Reticulated or Somali Giraffe ~ Giraffa camelopardalis (Linnaeus, 1758)
Canon EOS 30D DSLR; 70-200 mm IS f/2.8 L
What a sweet giraffe kiss. I love to watch how affectionate this baby brother and his big sister are with one another. The baby boy will seem to hate being picked on, but the minute she stops licking on him, he is reaching up to lick on her. They are so sweet together.
This baby giraffe is only one month old. Her older sister, of one year old loves on him and picks on him constantly. Since big sister was eating leaves, baby brother was following the leader. I don’t think he was eating many leaves, mostly practicing for later.
Giraffes are vegetarians and will feed on spiny or thorny plants which they handle easily with a prehensile upper lip and very long, prehensile tongue. They eat leaves from high in the tops of various deciduous and evergreen trees and also some shrubs. A favorite, acacia leaves, are full of water, enabling giraffes to go a long time without drinking.
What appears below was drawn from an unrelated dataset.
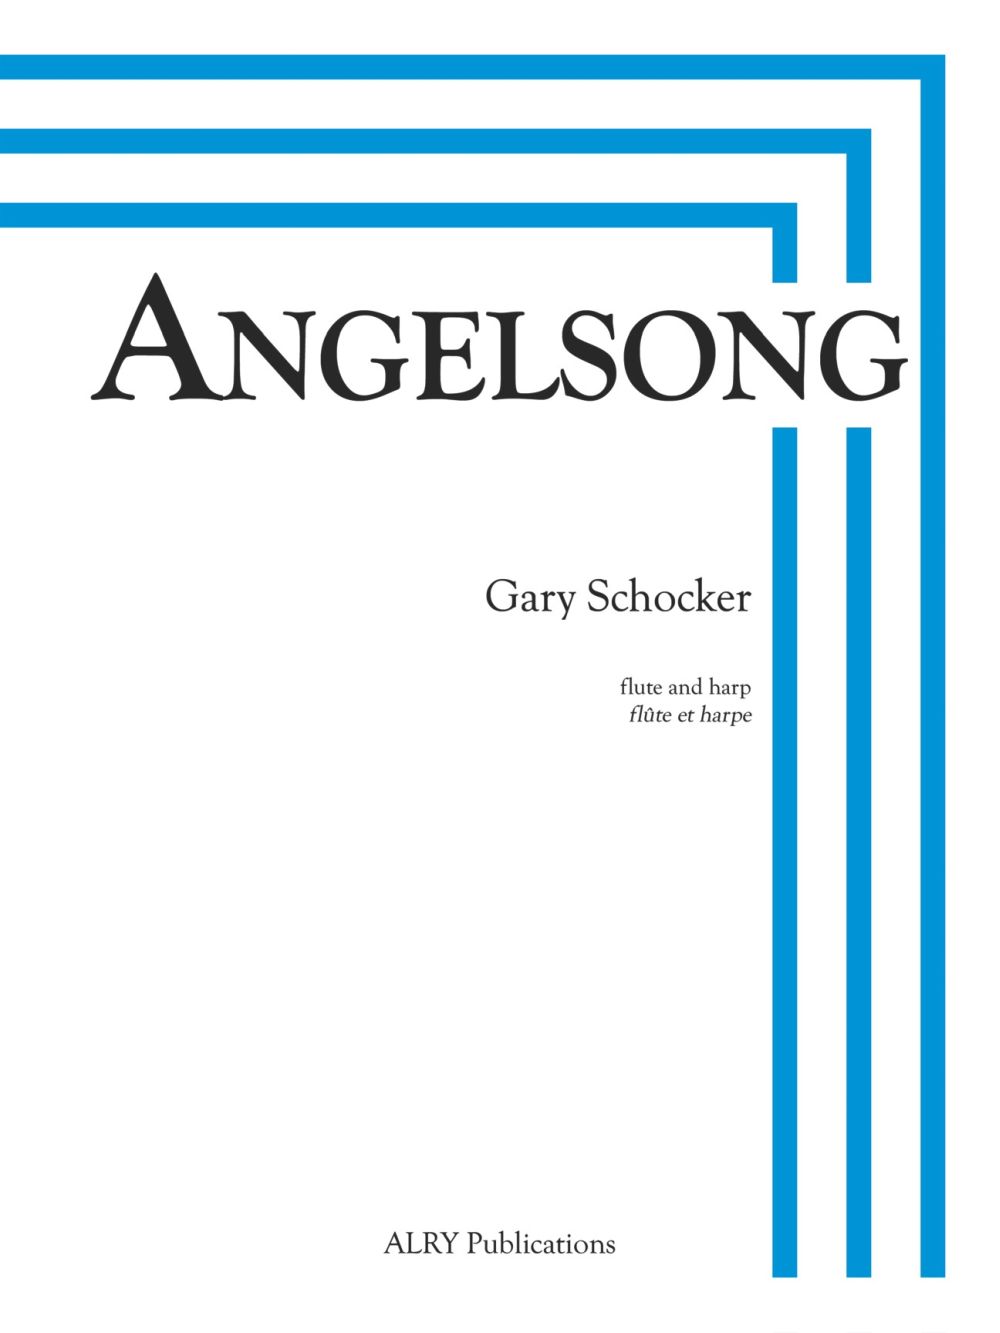 Angelsong For Flute And Harp (SCHOCKER GARY)
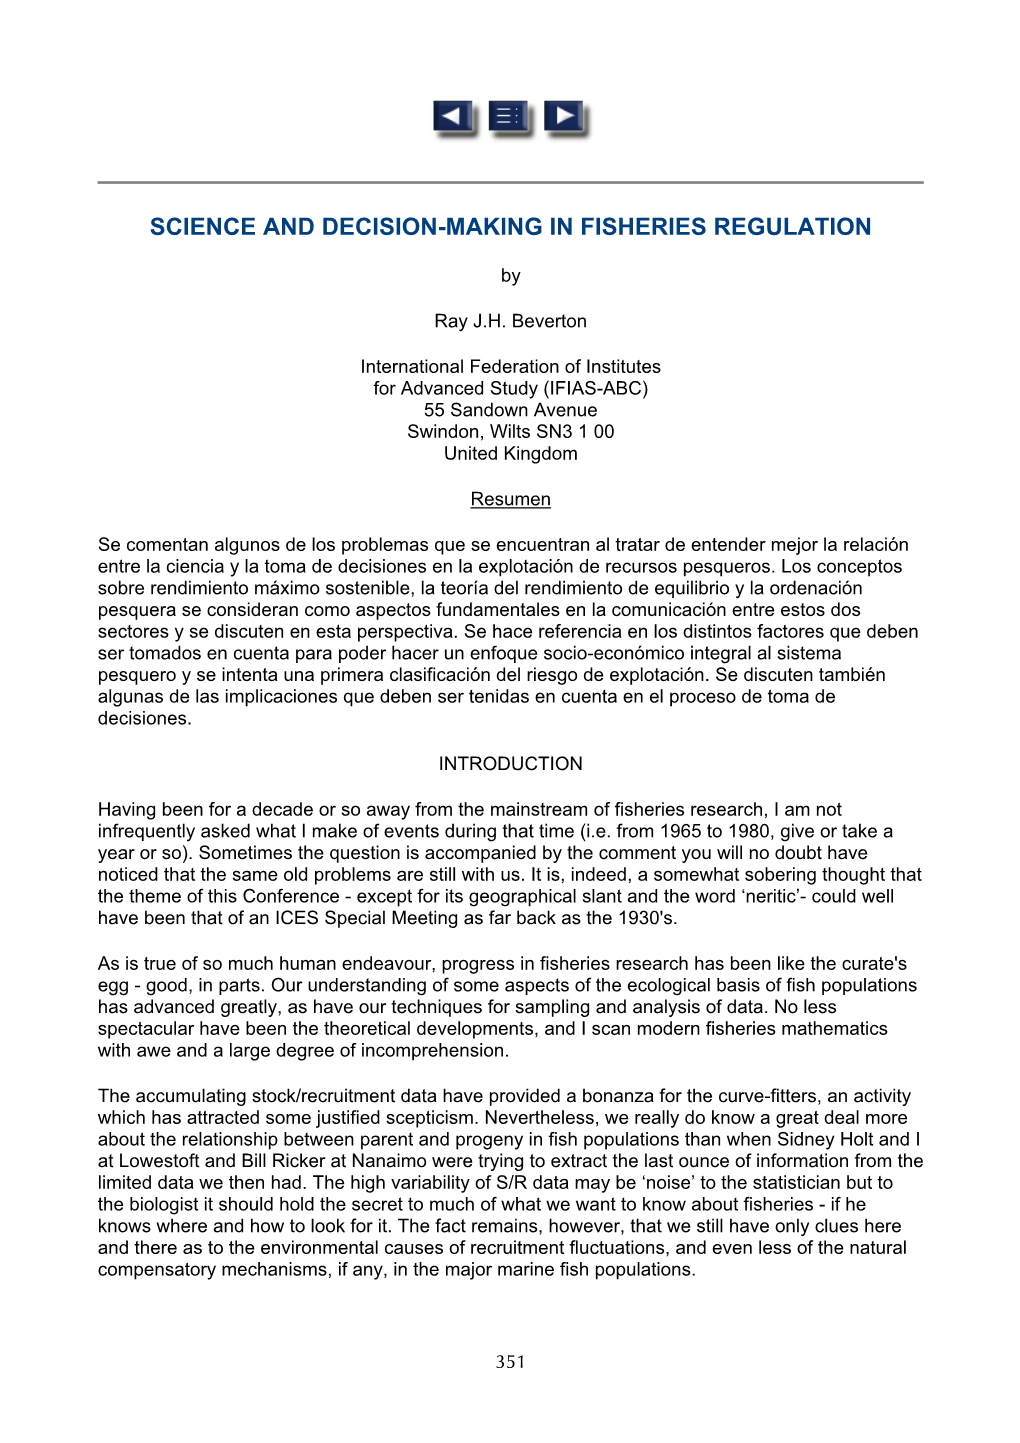 Science and Decision-Making in Fisheries Regulation

Baby giraffes nurse for about a year but begin eating leaves at about four months. They stay close to their mothers for the first few weeks, but after that, many mother giraffes leave their calves in sort of a babysitting co-op: one mother babysits while the others go out to eat. This “giraffe nursery” is called a creche.
Sometimes the baby is even left alone for a while. When that happens, the little guy just sits quietly and waits for mom to come back. I watched as this baby giraffe’s mother walked away, and the baby just stood their quietly like a statue until mother came back.
The ancient Romans called this animal “Camelopardalis” which meant “A camel marked like a leopard”.